Jednak w ujęciu całościowym artykuł ujawnia kilka bardzo przestarzałych pomysłów na temat bezpieczeństwa systemu oraz relacji między programistami a klientami. Doceniam to, że praca Davidsona jest frustrująca, ale użytkownicy starający się zweryfikować bezpieczeństwo oprogramowania, którego używają, nie stanowią problemu. Oto prezydent Security Awareness, Ira Winkler:

“Oracle to bardzo duża i bogata firma, której produkty są szeroko dystrybuowane i wykorzystywane do krytycznych aplikacji. Kropka. Są odpowiedzialni za to, aby ich oprogramowanie było tak mocne, jak to możliwe […] Może być wiele fałszywych wyników pozytywnych i powiązane koszty, ale jest to czynnik [ich sprzedaży] dużej ilości oprogramowania, które ma wielu użytkowników. Jest to koszt prowadzenia działalności gospodarczej. Jestem pewien, że wszystkie firmy produkujące oprogramowanie mają takie same fałszywe raporty. Nie słyszę Microsoft et al. narzekać.”

Jeśli Oracle nie chce ciągle otrzymywać tysięcy problemów wykrytych przez narzędzia bezpieczeństwa statycznego, być może powinny napraw te tysiące problemów. Jeśli denerwują ich ludzie, którzy w kółko zgłaszają te same błędy, może powinni mieć odpowiedni program premiowy za błędy, który ma mechanizmy radzenia sobie z powtarzającymi się problemami. Klienci Oracle domagają się wyższego standardu bezpieczeństwa i nie zawstydzają ichPrawidłowa odpowiedź.

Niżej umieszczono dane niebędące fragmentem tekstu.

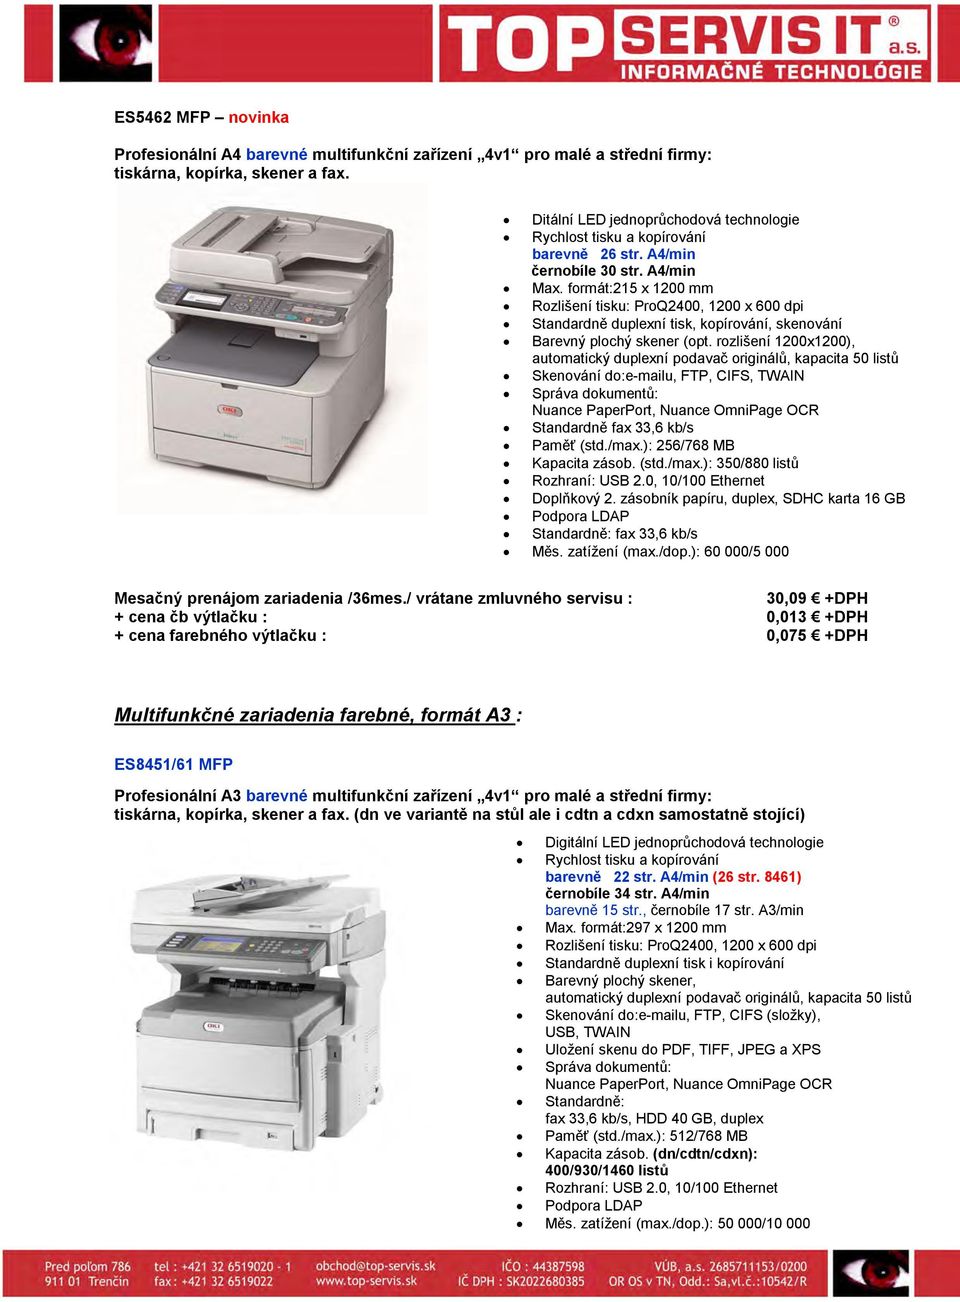 rozlišení 1200x1200), automatický duplexní podavač originálů, kapacita 50 listů Skenování do:e-mailu, FTP, CIFS, TWAIN Správa dokumentů: Nuance PaperPort, Nuance OmniPage OCR Standardně fax 33,6 kb/s

Mimo że Oracle zdjął i ogólnie nie zgadzał się z tym postem, jego napisanie w ogóle ujawnia głęboko błędną kulturę bezpieczeństwa w Oracle. Podejście Oracle do bezpieczeństwa stawia na pierwszym miejscu ochronę ich własności intelektualnej przed bezpieczeństwem i spokojem klientów - a jeśli powierzysz oprogramowanie Oracle krytycznym informacjom, to powinno cię wystraszyć bejeezus.

Co myślisz? Czy martwi Cię filozofia bezpieczeństwa Oracle? Czy uważasz, że Davidson jest traktowany zbyt surowo? Daj nam znać w komentarzach!




Jeszcze bez komentarzy

O nowoczesnej technologii, prostej i niedrogiej.
Twój przewodnik w świecie nowoczesnych technologii. Dowiedz się, jak korzystać z technologii i gadżetów, które nas otaczają każdego dnia i dowiedz się, jak odkrywać ciekawe rzeczy w Internecie.